* _RECORDED DATA_:

++++++++

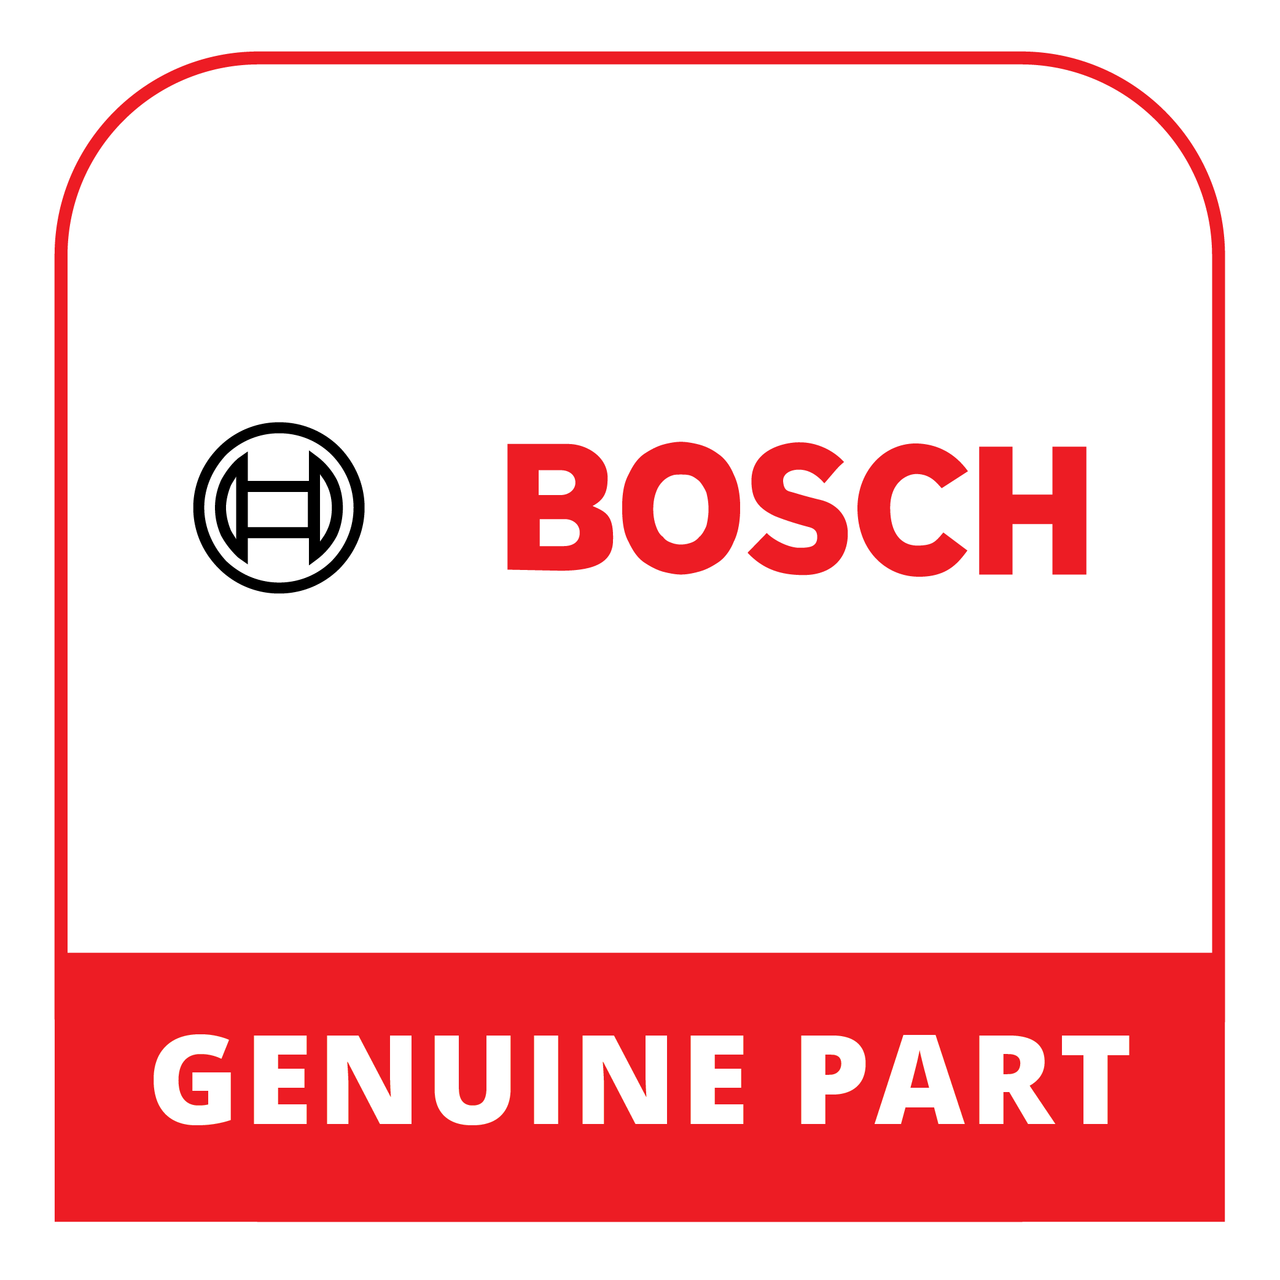 Bosch (Thermador) 23002090 - Cover Sheet - Genuine Bosch (Thermador) Part
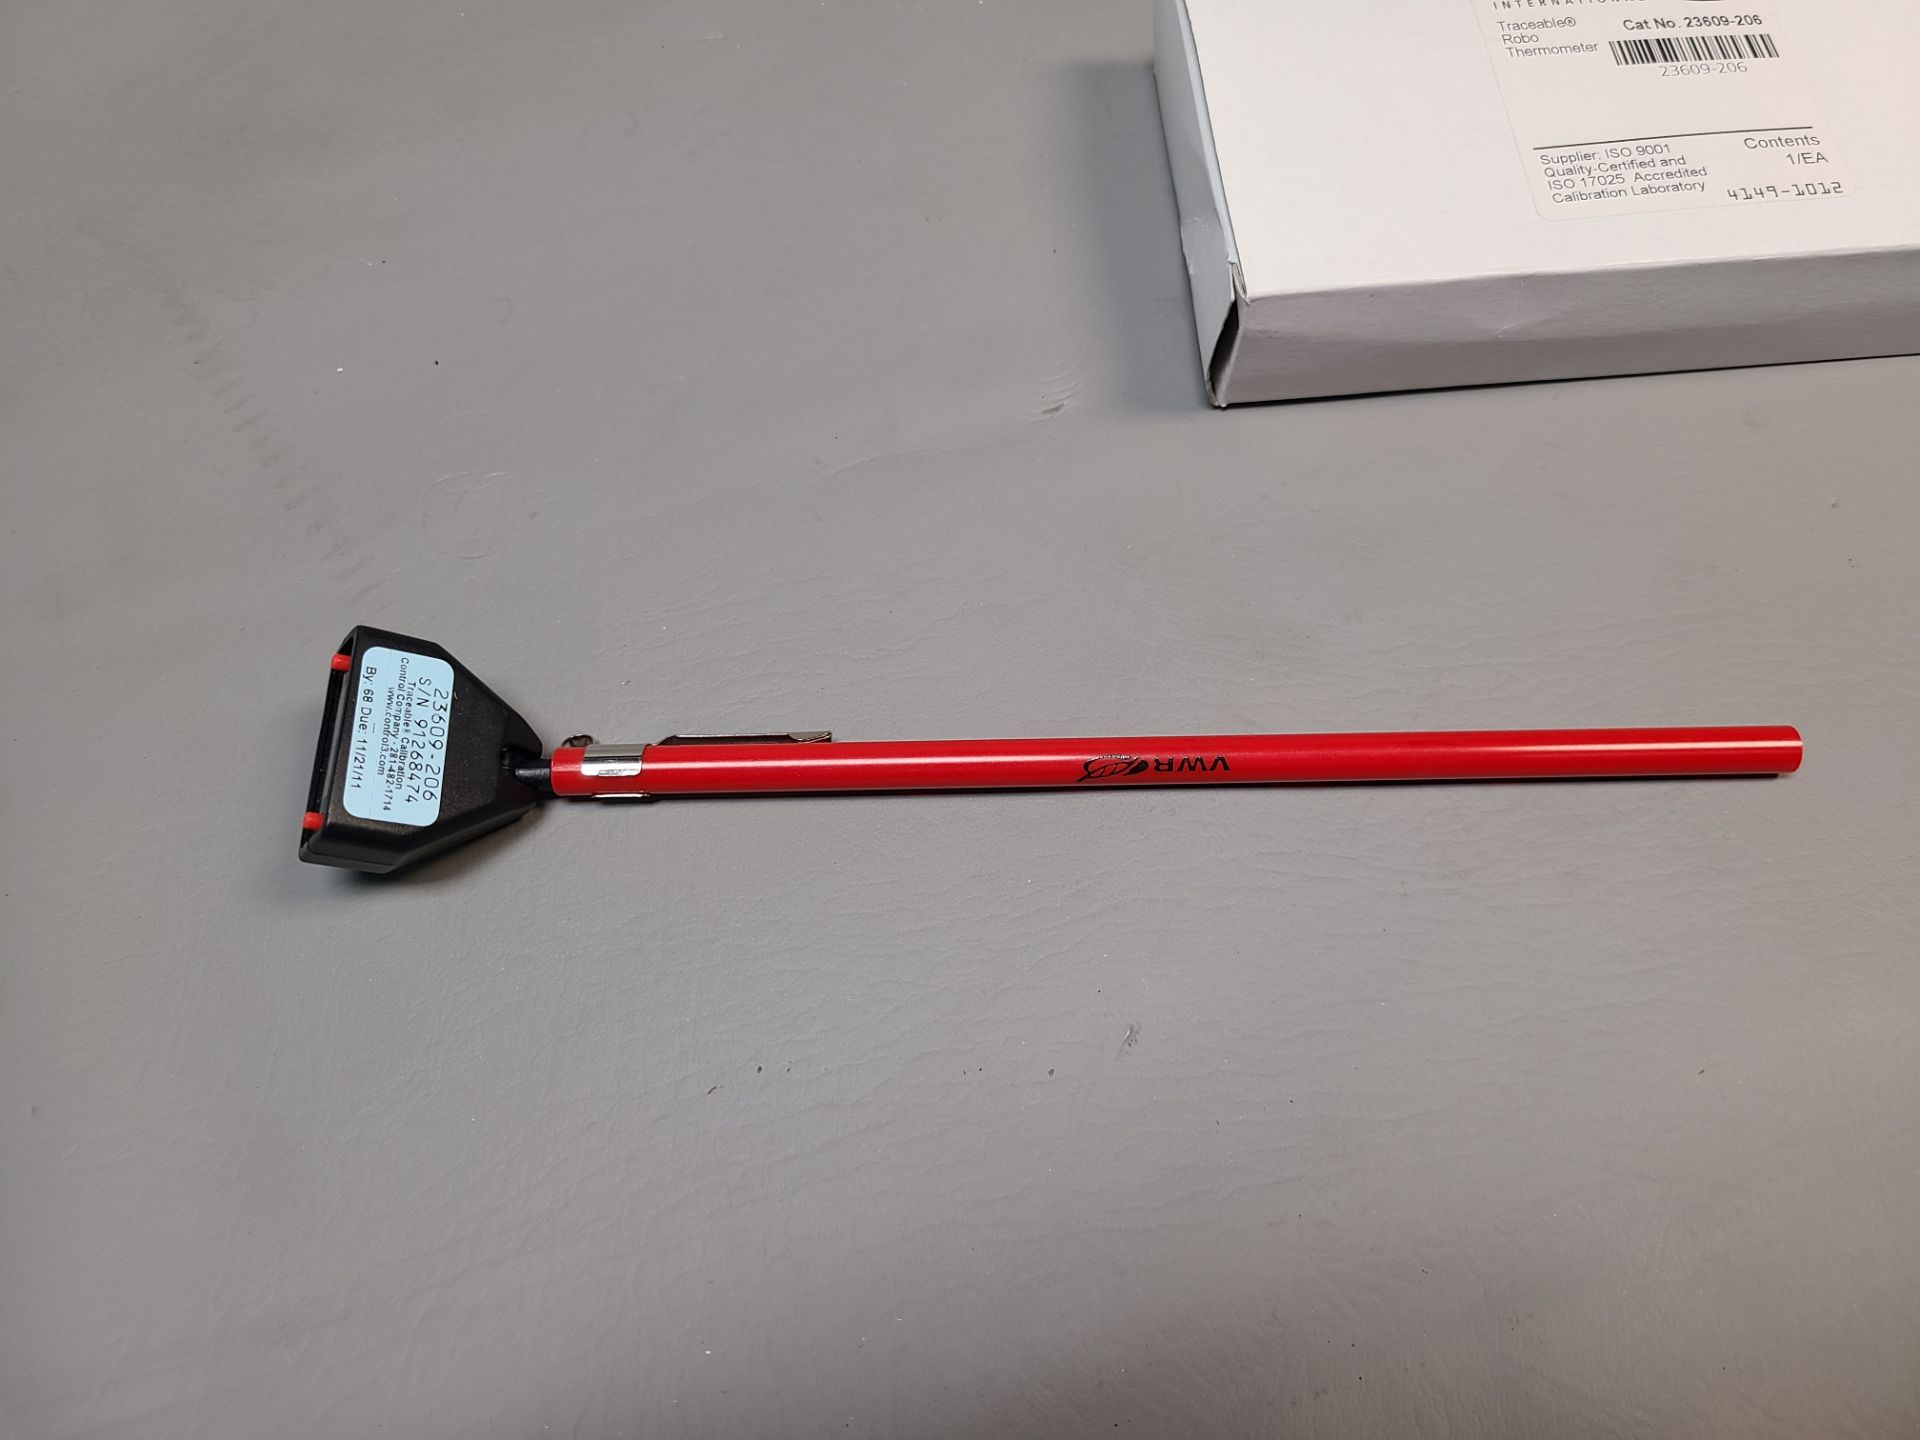 NEW VWR ROBO TRACEABLE DIGITAL THERMOMETER - Image 4 of 6
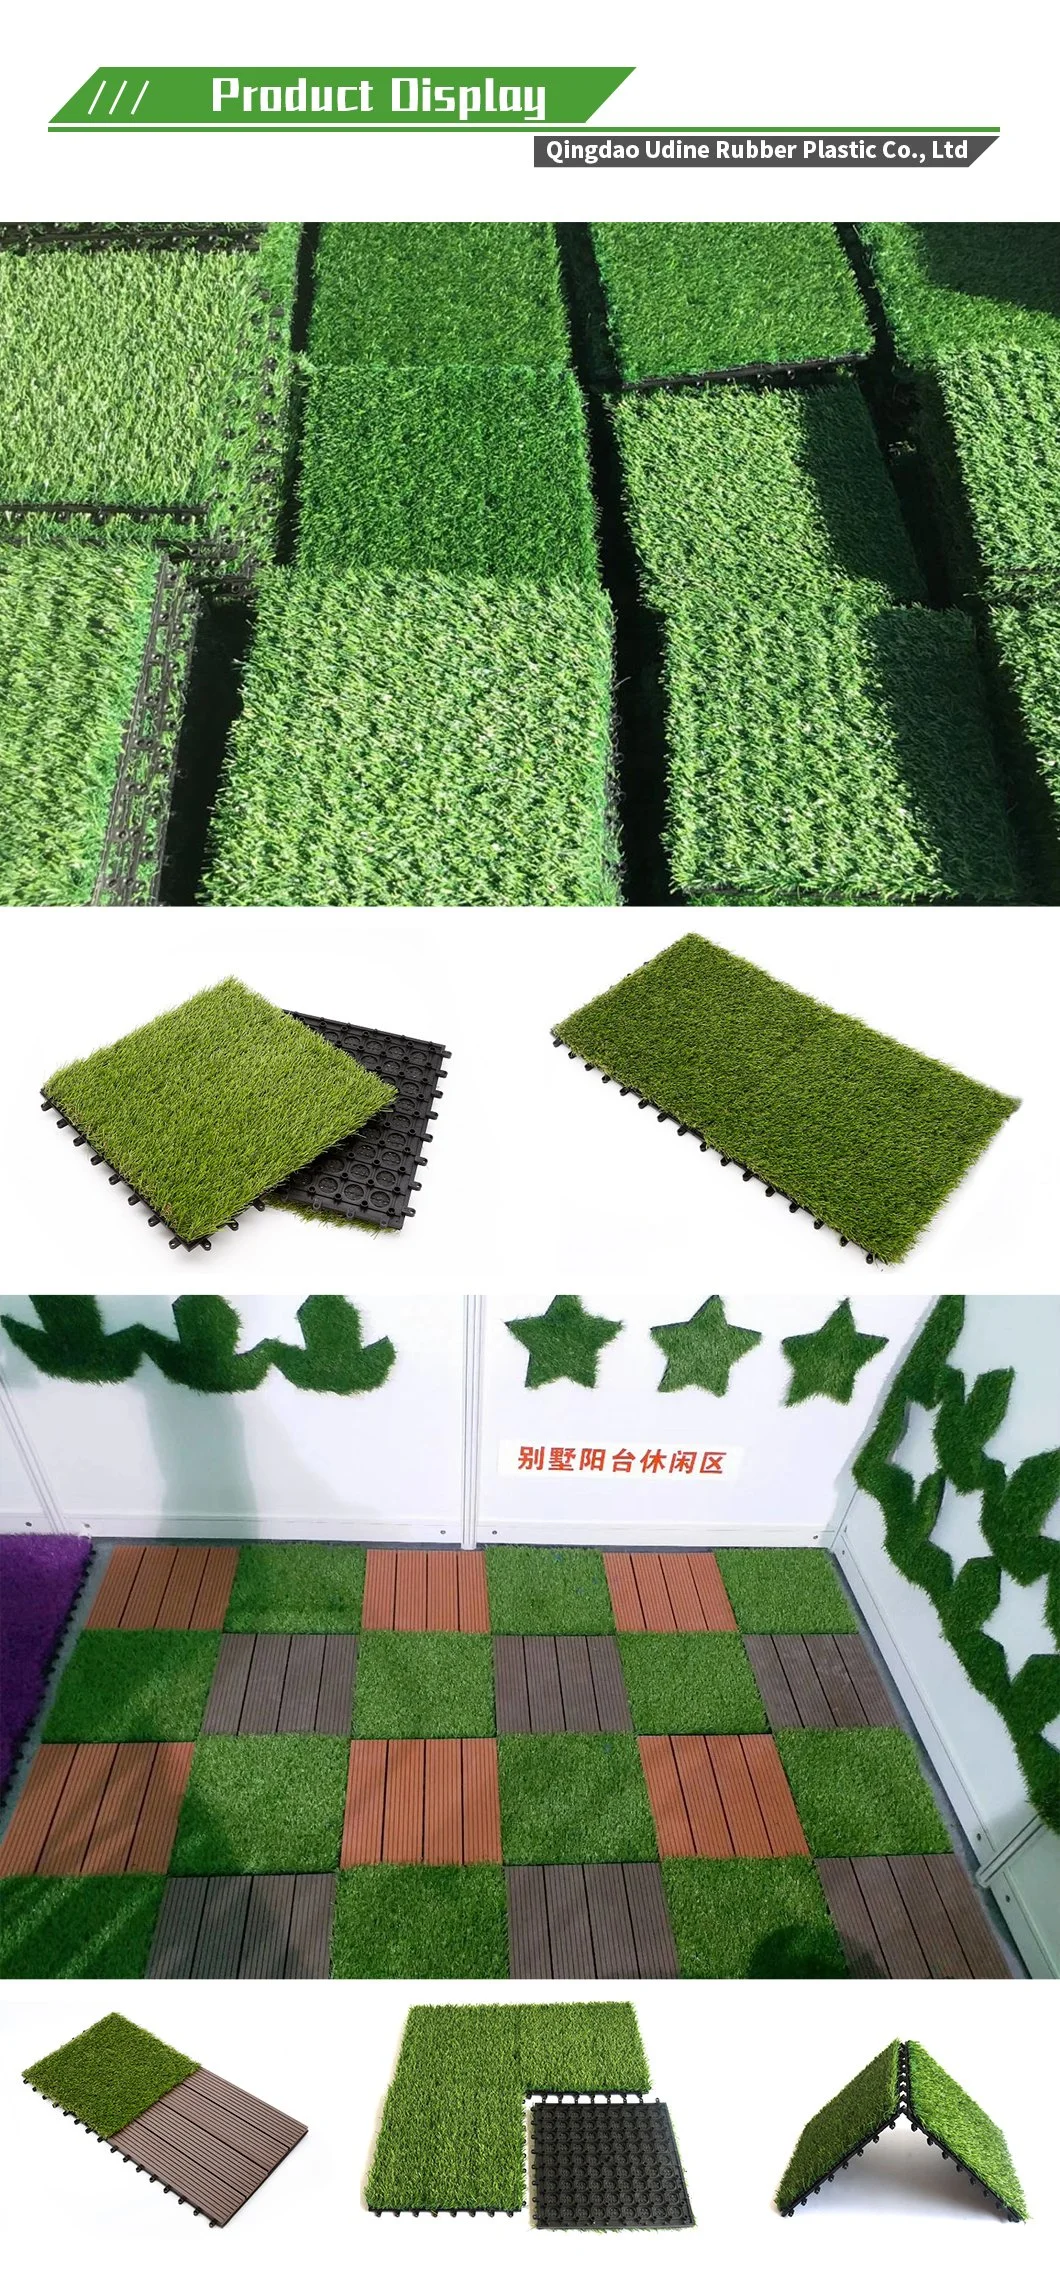 China Manufacturer/Factory High Quality Outdoor Indoor Balcony Landscaping Sport Puzzle Interlocking Synthetic Fake Artificial Grass Tile Turf for Garden DIY

++++++++

* _WHAT YOU NEED TO DO_:
Write out the data word for word, with every picture dropped.

* _FINAL ANSWER_:
 Bosch (Thermador) 23002090 - Cover Sheet - Genuine Bosch (Thermador) Part
 NEW VWR ROBO TRACEABLE DIGITAL THERMOMETER - Image 4 of 6
 China Manufacturer/Factory High Quality Outdoor Indoor Balcony Landscaping Sport Puzzle Interlocking Synthetic Fake Artificial Grass Tile Turf for Garden DIY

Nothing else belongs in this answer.